The facilitators use a camera or video to demonstrate procedures and skills. Afterward, participants work in pairs, discussing the training as they help each other. The course can be a full-day training or divided into shorter sessions over time.

Hard copy flipcharts are replaced by a digital flipchart with links to pre- and post-knowledge tests, content, skills demonstration and hands-on participation, and group discussions. There are six chapters, and reflection questions appear at the end of each section.

Online features of ENC Now! include language translation, a group chat app, an annotate function and a whiteboard function. Another feature, a pin function, can highlight for the entire group something learners are doing especially well. In addition, learners can access audio files of newborn heartbeats to determine if the heart is beating too slowly.

The group chat allows learners to share a video of the facility where they are working and showcase specific skills.

Finally, built-in QR codes make it easy for participants to pull up checklists and evaluations, one of the functions that Dr.

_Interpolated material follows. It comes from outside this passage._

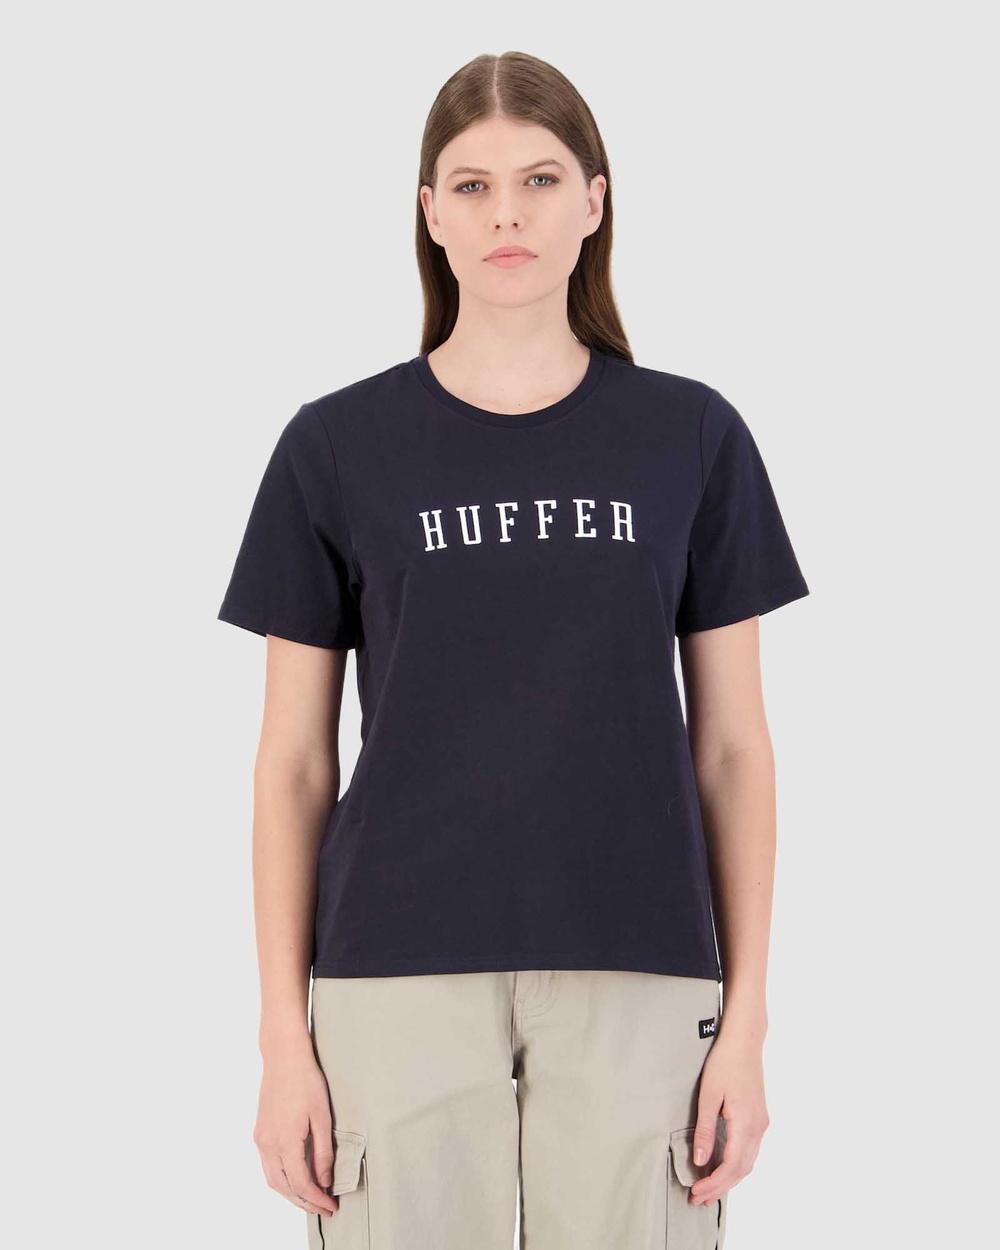 Huffer Women's Stella Tee Stateside T-Shirts & Singlets Blue Tee-Stateside Australia

K.C. finds especially helpful.

Global mentoring option

Because behavioral change is hard to sustain — and training alone often is not sufficient — the AAP also is offering a fee-based mentorship and implementation curriculum to complement ENC Now!

The Customized MentoRship and Implementation Support Package (CRISP) aims to translate training into sustained practice and improve newborn outcomes. CRISP includes added sessions on quality improvement, facilitator development and data collection.

A group of six to eight learners is paired with a global mentor who conducts ENC Now! training and a needs assessment to customize an additional four to six sessions of 60 to 90 minutes each. Sessions with mentors are interactive, and learners can bring examples and challenges to discuss.

Global support

In addition to the technological innovations, ENC Now! allows for a rich kind of mentorship relationship and co-facilitation, Dr. Ehret said.

“That really has the opportunity to help in the professional development of new trainers, new facilitators and mentors to feel like they can have support from their colleagues — wherever they may be globally, as they’re starting to teach courses. I think a new opportunity for mentorship is really unique and exciting about this program.”